En Espagne, l'émission de télévision «Salvados» réveille les consciences

L’émission « Salvados », (littéralement, « sauvés »), fait un malheur tous les dimanches en fin d’après-midi, sur la Sexta, une chaine modeste ancrée à gauche qui a été récemment rachetée par Antena 3. Elle compte environ 15% de part d’audience. Le protagoniste-producteur-journaliste s’appelle Jordi Evole Requena. Il enquête dans les coulisses de la corruption et de la gabegie. Son style direct fait mouche auprès des téléspectateurs.

De notre correspondant à Madrid,

« Salvados » est une émission magazine qui évoque des sujets sérieux comme la corruption, la classe politique, ou la fracture énergétique. Le succès est surtout lié au contexte de crise, aux réductions budgétaires et aux scandales à répétition, aussi bien concernant la monarchie que les pouvoirs locaux dans les provinces. Les « années champagne » sont terminées. A cette époque-là, tout le monde s’accommodait des gens qui pratiquaient l’abus, le détournement de fonds publics, les magouilles dans le monde du football ou de la justice. Mais, aujourd’hui, alors que les restrictions sont partout, on ne peut plus être indifférent. Jordi Evole, un ancien comique devenu journaliste demande des comptes à ceux qui ont volé, qui ont menti, à ces petits chefs politiques locaux qui ont avantagé leurs familles. Ils ont englouti des millions d’euros dans des bibliothèques sans livres, des gares sans trains ou des aéroports sans avions, comme à Castellon ou à Ciudad Real.
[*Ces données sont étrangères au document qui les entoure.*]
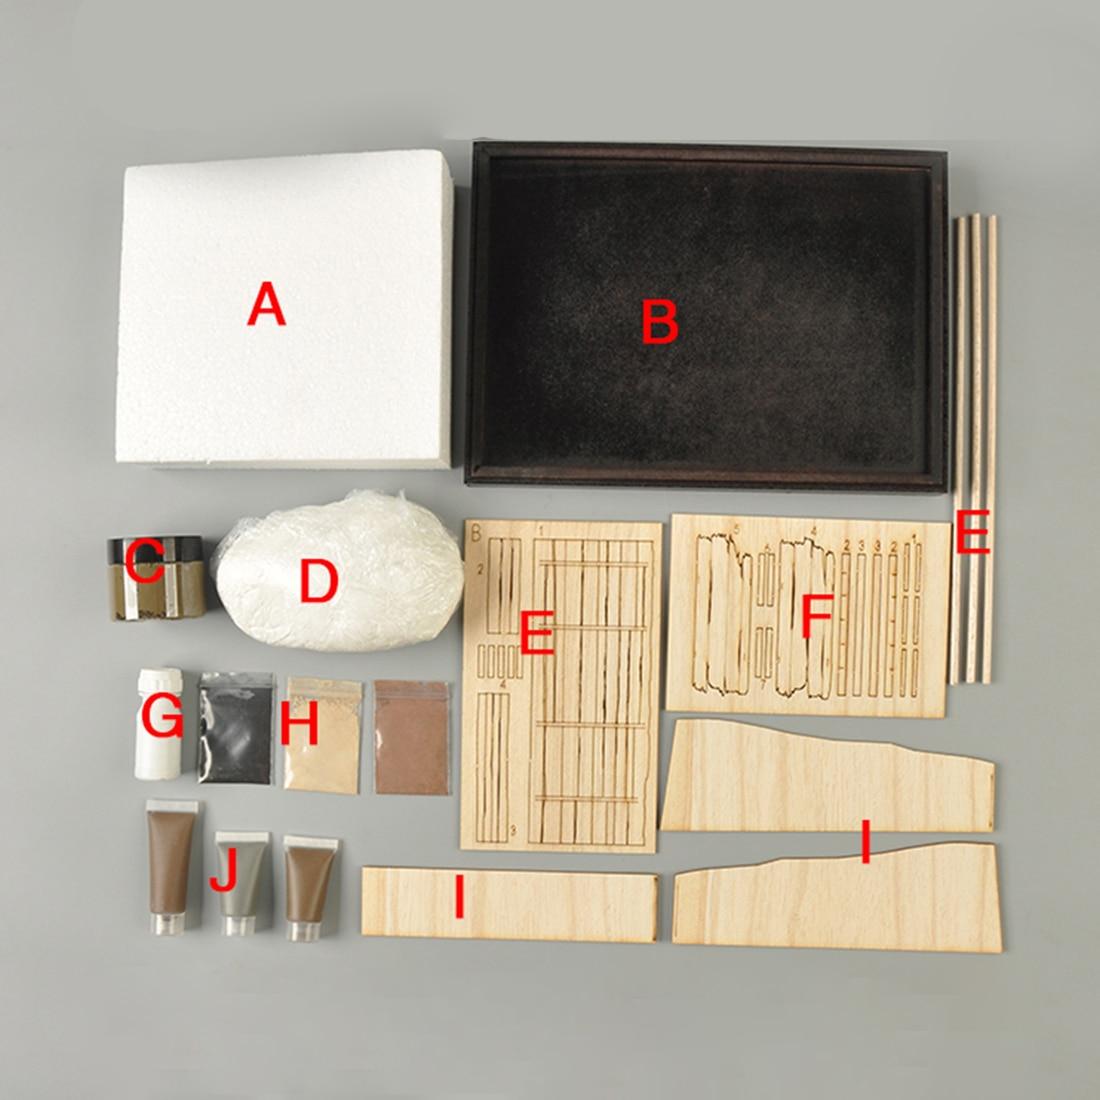 1/35 25 X 18cm DIY Military Sand Table Construction Model Trench Scene Platform Kits 2 Types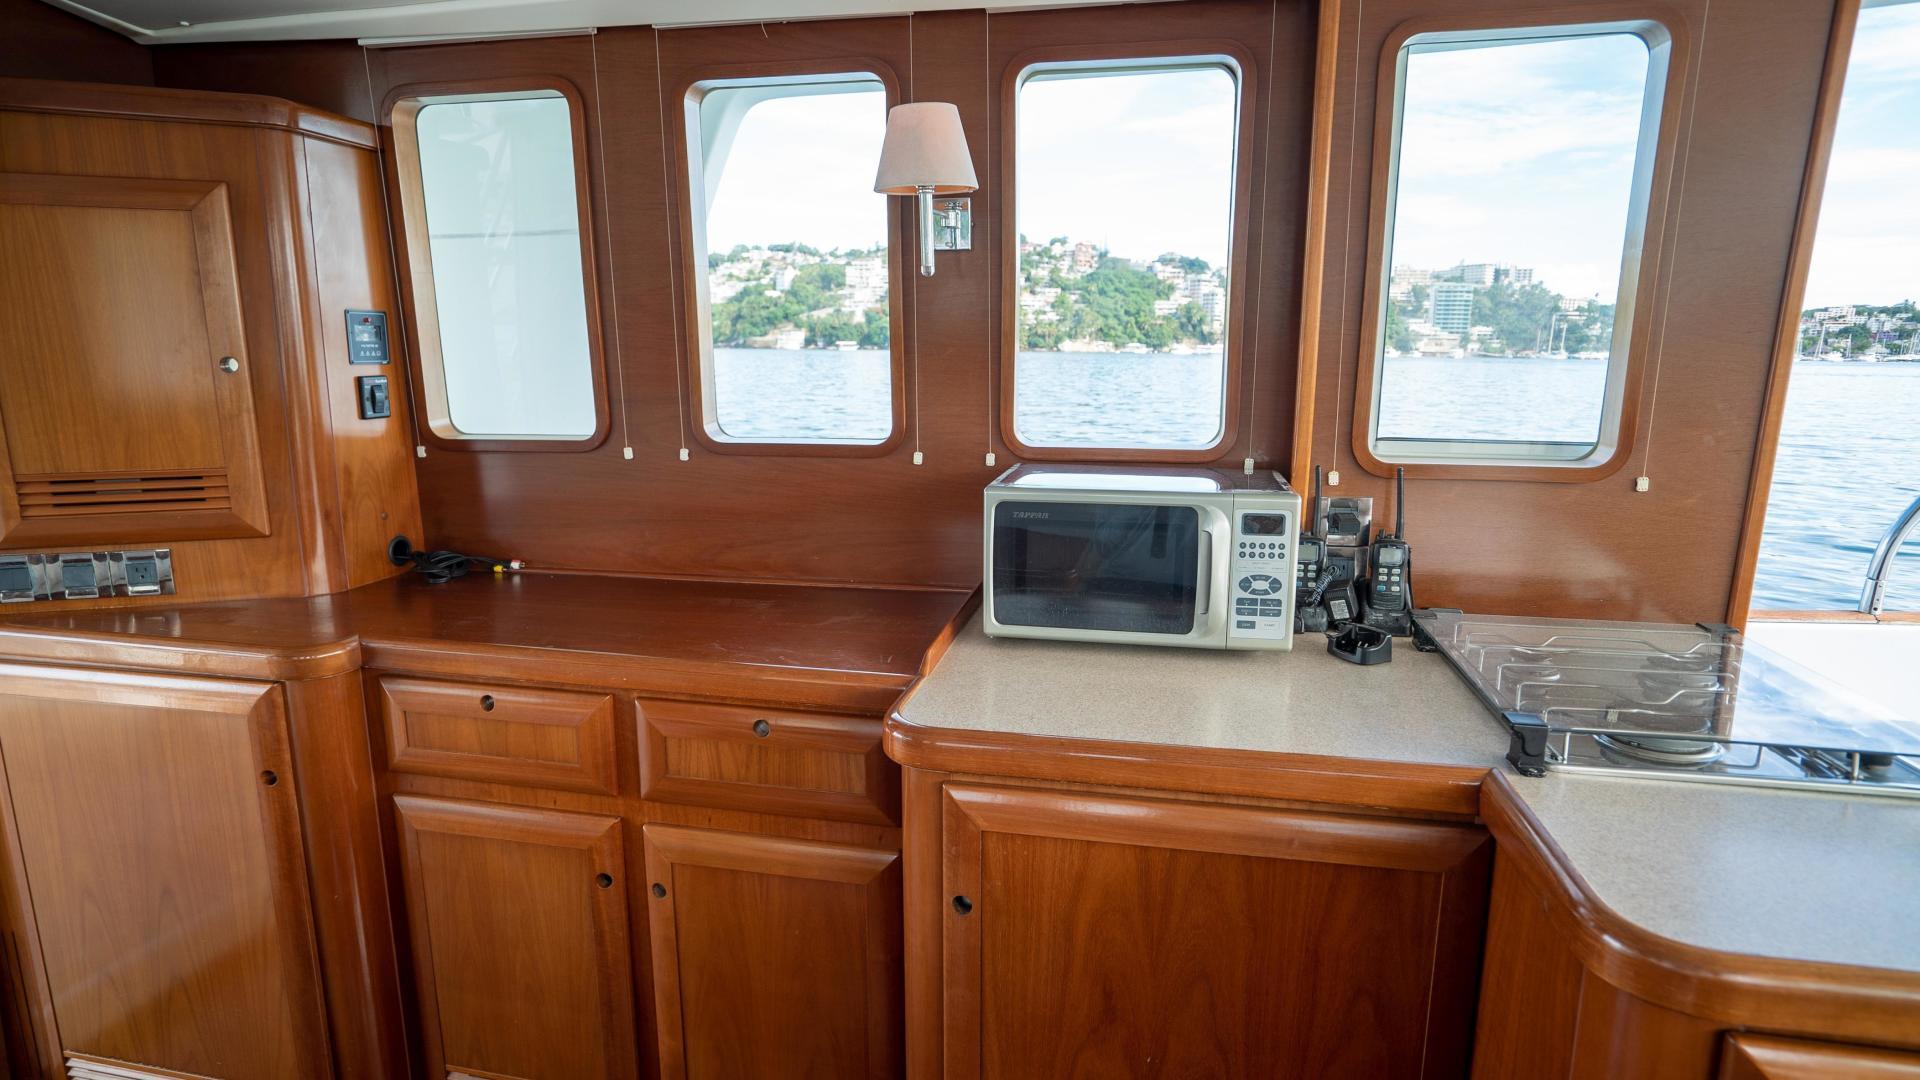 Beneteau-Swift Trawler 2008-Amadeus Acapulco-Mexico-1487072 | Thumbnail

Le citoyen ordinaire qui affronte des gens puissants

Jordi Evole est trapu, pas très charismatique, il porte de simples pulls à carreaux, rarement de cravates, mais il connaît bien ses dossiers et n’hésite pas à frapper plusieurs fois à la même porte. Souvent on ne lui ouvre pas, mais, aujourd’hui, alors que les scandales de justice se multiplient, les langues se délient. Le spectateur peut suivre Jordi Evole dans un palais de justice, demander pourquoi une affaire ayant entrainé une mort d’homme a autant trainé. On le voit aussi parler à des experts de foot qui lui expliquent que la bulle du sport roi va exploser bientôt car les clubs doivent des millions d’euros au fisc et à la sécurité sociale. Il est aussi filmé en pleine conversation avec des pharmaciens qui lui confessent la vente de produits inutiles, chers, qui ne servent qu’à alimenter et à enrichir un lobby. Il se fait aussi expliquer pourquoi la hausse de la facture d’électricité est due à des magouilles de groupes pétroliers et gaziers.

Michael Moore version espagnole

Ses actions n'ont pas beaucoup d’impact, considérant les résultats au sens strict, ce n’est pas très conséquent. Même si, dans certaines émissions, des hommes politiques suspects ont révélé des choses qui ont ensuite grossi des dossiers d’instruction. Comme par exemple, cet ancien président de la région des Baléares, Jaume Matas, impliqué dans une immense affaire de détournement de fonds qui, face à la caméra, a reconnu avoir versé 3 millions d’euros pour une fondation, tout simplement parce que le président est le gendre du roi. Or, il s’avère que ce même gendre a détourné pour son compte de l’argent public. Mais, on peut dire avec certitude que «Salvados», de Jordi Evole, a une fonction très importante. D’une part, il démontre que le journalisme d’investigation peut exercer une pression sur les dirigeants politiques ou économiques ; et d’autre part que l’impunité n’est pas une fatalité. Pour éviter les désastres du passé, il faut avant tout que le citoyen soit exigeant et soucieux de l’utilisation de son argent. Jordi Evole est certainement ce relai qui, pendant si longtemps, n’a pas existé en Espagne.